Management response: The delay in filing of Form DNBS 13 was inadvertently and unintentionally delayed against its prescribed timeline under the NBFC Non-Systemically Important Non-Deposit taking Company (Reserve Bank) Directions, 2016 read with circulars made thereunder and the same was made good by the next working day.

The management responses were duly communicated to Secretarial Auditors, to their satisfaction, and that your management will be more cautious in compliances of all the applicable rules, regulations, guidelines, etc.

INTERNAL AUDITORS

Pursuant to the provisions of Section 138 of the Companies Act, 2013 and Rules framed thereunder, the Board of Directors of the Company, based on the recommendations of Audit Committee, in their meeting held on May 29, 2023, had appointed Mr. Aman Jain, Chartered Accountant (Membership No. 448079) as the internal Auditor of the Company to conduct the internal audit for the financial year ended 2023-24.

COST AUDITORS

During the period under review, the provisions of Cost Audit as per section 148 of Companies Act, 2013 do not apply to the Company.

DIRECTORS AND KEY MANAGERIAL PERSONNEL

During the period under review, the following changes occurred in the Board of Directors and Key Managerial Personnel of the Company:

Mr. Sunil Sachdeva (DIN: 00012115), who retired by rotation was re-appointed as the Director of the Company at the previous Annual General Meeting held on September 13, 2023. The Board of Directors of the Company, based on the recommendation of the Nomination and remuneration Committee, has recommended for re-appointment/ regularization of Mr. Rakesh Arora (DIN: 00125976), as Director of the Company. Mr. Rakesh Arora (DIN: 00125976) was regularized as Director to the Board in the 29th

Annual General Meeting of the Company held on September 13, 2023 at 12:30 p.m. through Video Conferencing or Other Audio-Visual Means.

Further, Mr. Rakesh Arora (DIN: 00125976), being the retiring Director at the upcoming Annual General Meeting of the Company, and being eligible, offered himself for reappointment as Director at the ensuing Annual General Meeting of the Company.

Brief resume, pursuant to Regulation 36(3) of SEBI (LODR) Regulations 2015, for the Directors proposed to be appointed/ re-appointed at the ensuing Annual General Meeting, nature of their expertise in specific functional areas and their interest in other entities included in the other listed companies in which he/she holds directorship is included in the notes to the Notice convening the Annual General Meeting.

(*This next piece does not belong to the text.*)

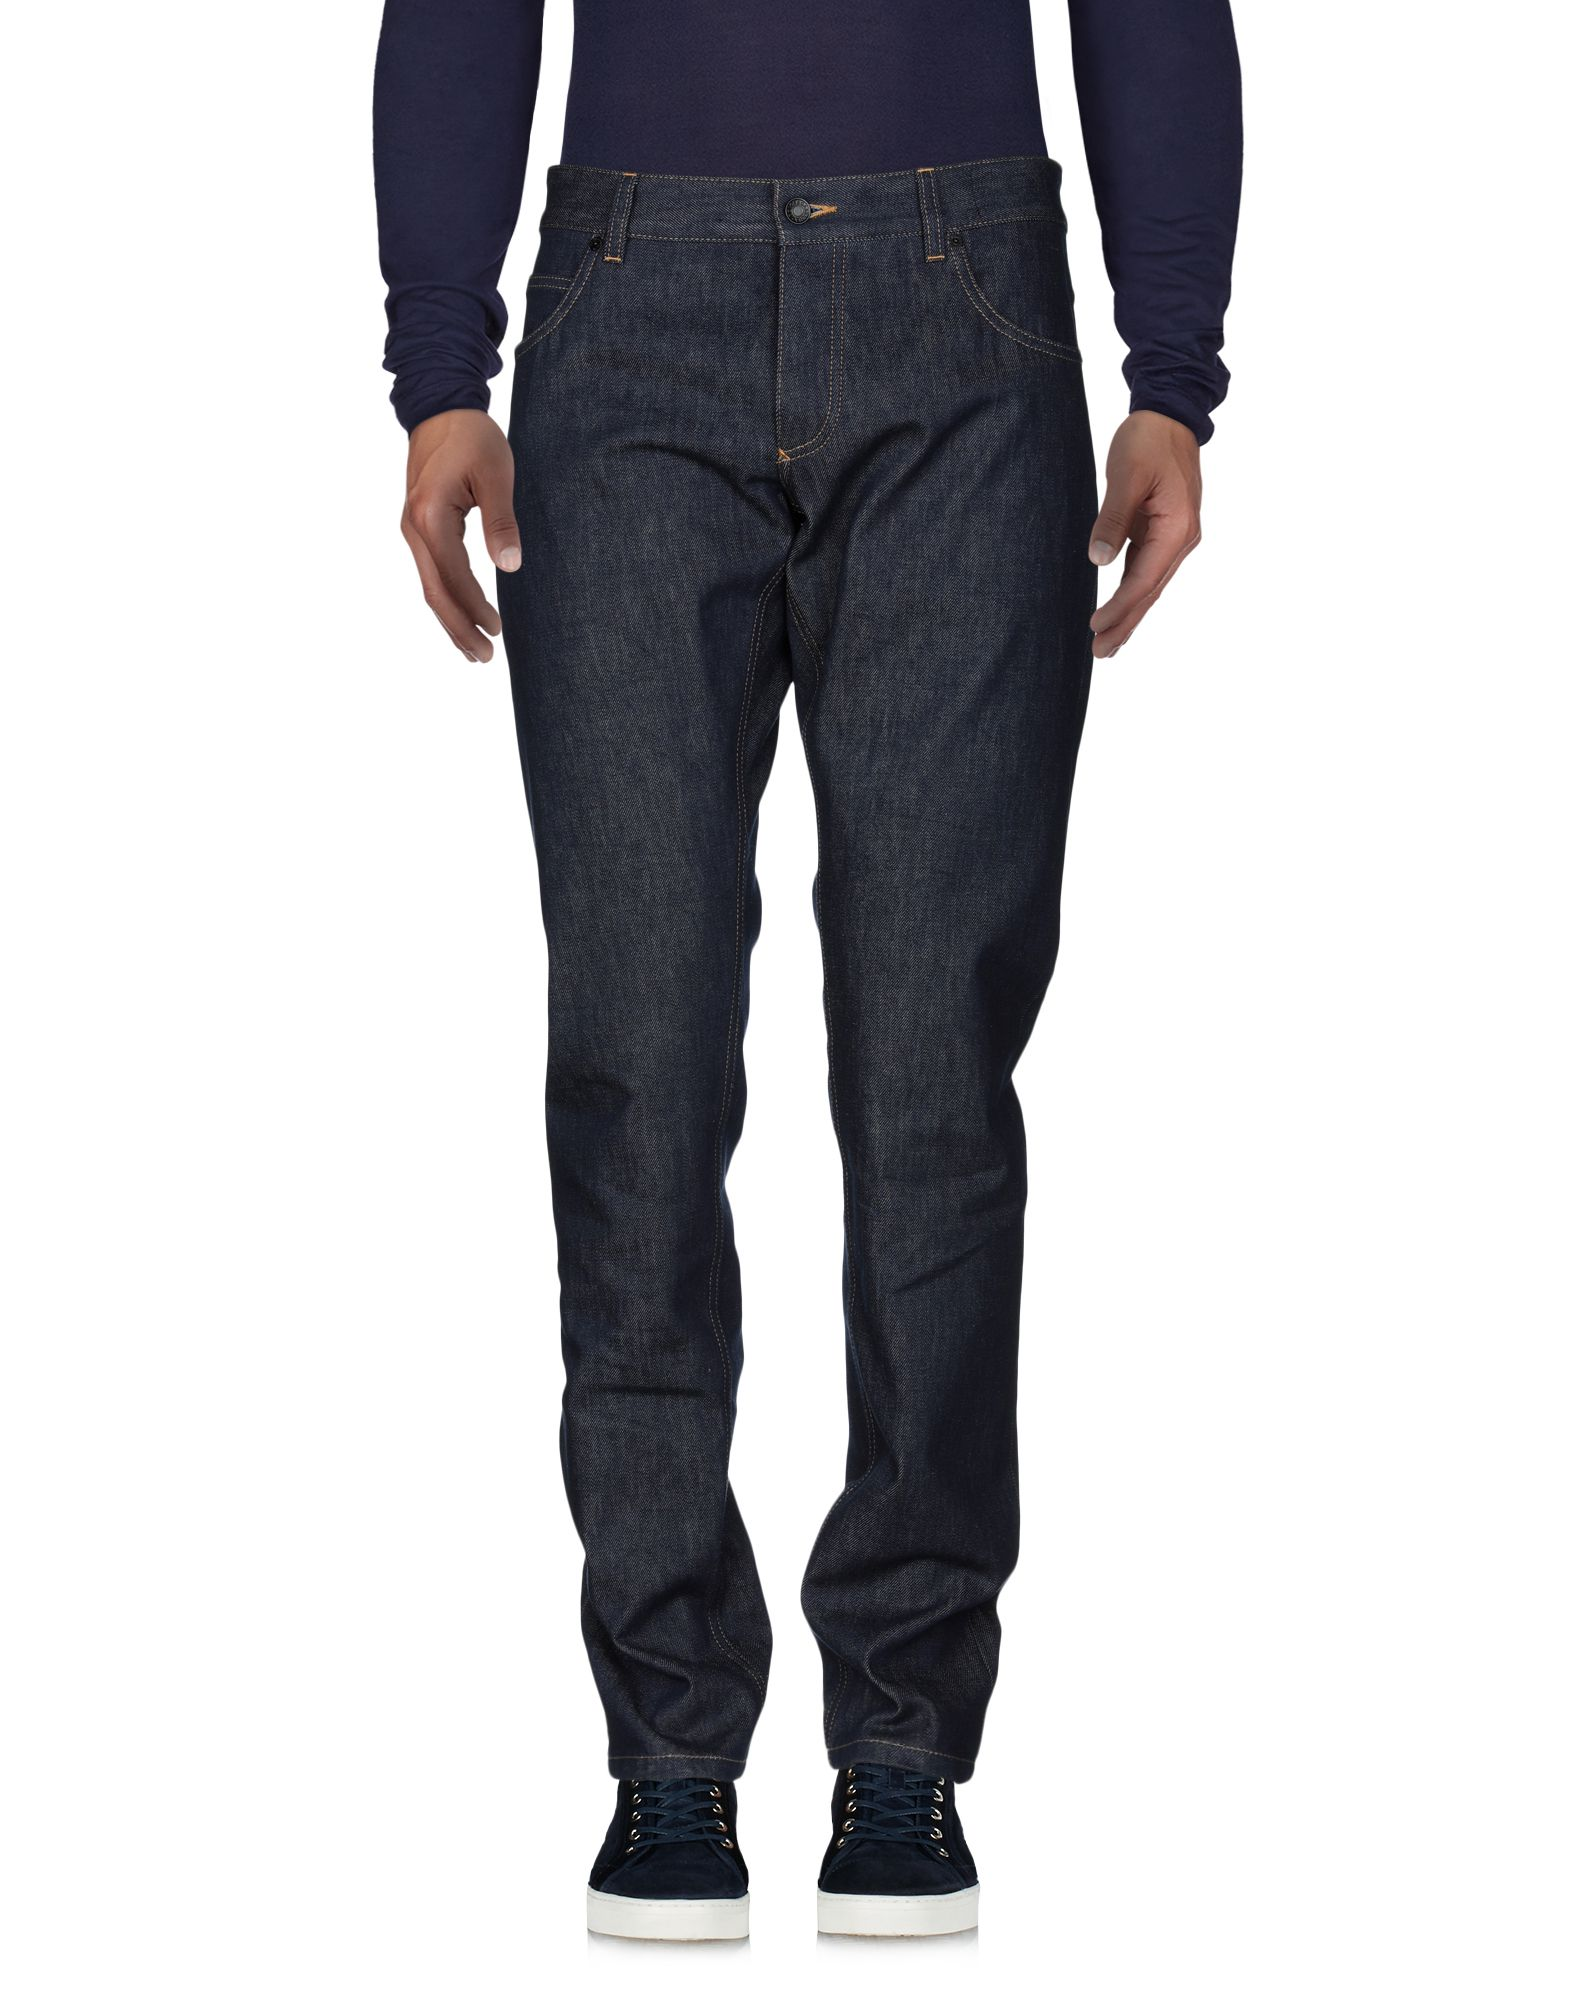 Pantaloni Jeans Dolce & Gabbana Uomo 42684680XT - 42684680XT Uomo cbf896

NUMBER OF MEETINGS OF THE BOARD

During the period under review, 05 (Five) Board Meetings were held and details of the same are given in the Corporate Governance Report which forms the part of this report.

BOARD EVALUATION

The Board of Directors has carried out an annual evaluation of its own performance, Board committees and individual directors pursuant to the provisions of the Act and the corporate governance requirements as prescribed by Securities and Exchange Board of India ("SEBI") under SEBI (Listing Obligations and Disclosure Requirements) Regulations, 2015. The Board and the Nomination and Remuneration Committee ("NRC") reviewed the performance of the individual directors on the basis of the criteria such as the contribution of the individual director to the Board and committee meetings like preparedness on the issues to be discussed, meaningful and constructive contribution and inputs in meetings, etc. In addition, the Chairman was also evaluated on the key aspects of his role.

The Independent Directors of the Company have also reviewed the performance of the Executive Directors and other non-independent directors.

During the period under review, the above evaluations were found satisfactory at all levels.

COMMITTEES OF THE BOARD

As required under the Companies Act, 2013, the Company has duly constituted the following Statutory Committees:

a) Audit Committee b) Nomination and Remuneration Committee c) Stakeholder Relationship Committee d) Share Transfer Committee

In addition to the above, the Board has constituted an Investment and Lending Committee to review and approve the investment and lending activities of the Company and other related items that the Board may decide to delegate as and when required. Further, pursuant to Direction 39 of Reserve Bank of India (Non-Banking Financial Company- Scale Based Regulation) Directions, 2023, the Company has duly constituted The Risk management Committee shall be responsible for evaluating the overall risks faced by the NBFC including the Liquidity risk and shall report to the Board.

Details of all the Committees such as terms of reference, composition, and meetings held during the year under review are disclosed under points no. 7 to 12 of the Corporate Governance Report annexed to this Report as Annexure II.

WHISTLE BLOWER POLICY/ VIGIL MECHANISM

The details of the Whistle Blower Policy are covered under point 18 of the Corporate Governance Report which form part of this Report.

INTERNAL FINANCIAL CONTROL SYSTEM AND THEIR ADEQUACY

The details of Internal Financial Control Systems and their adequacy are included in the Management Discussion and Analysis which form part of this report.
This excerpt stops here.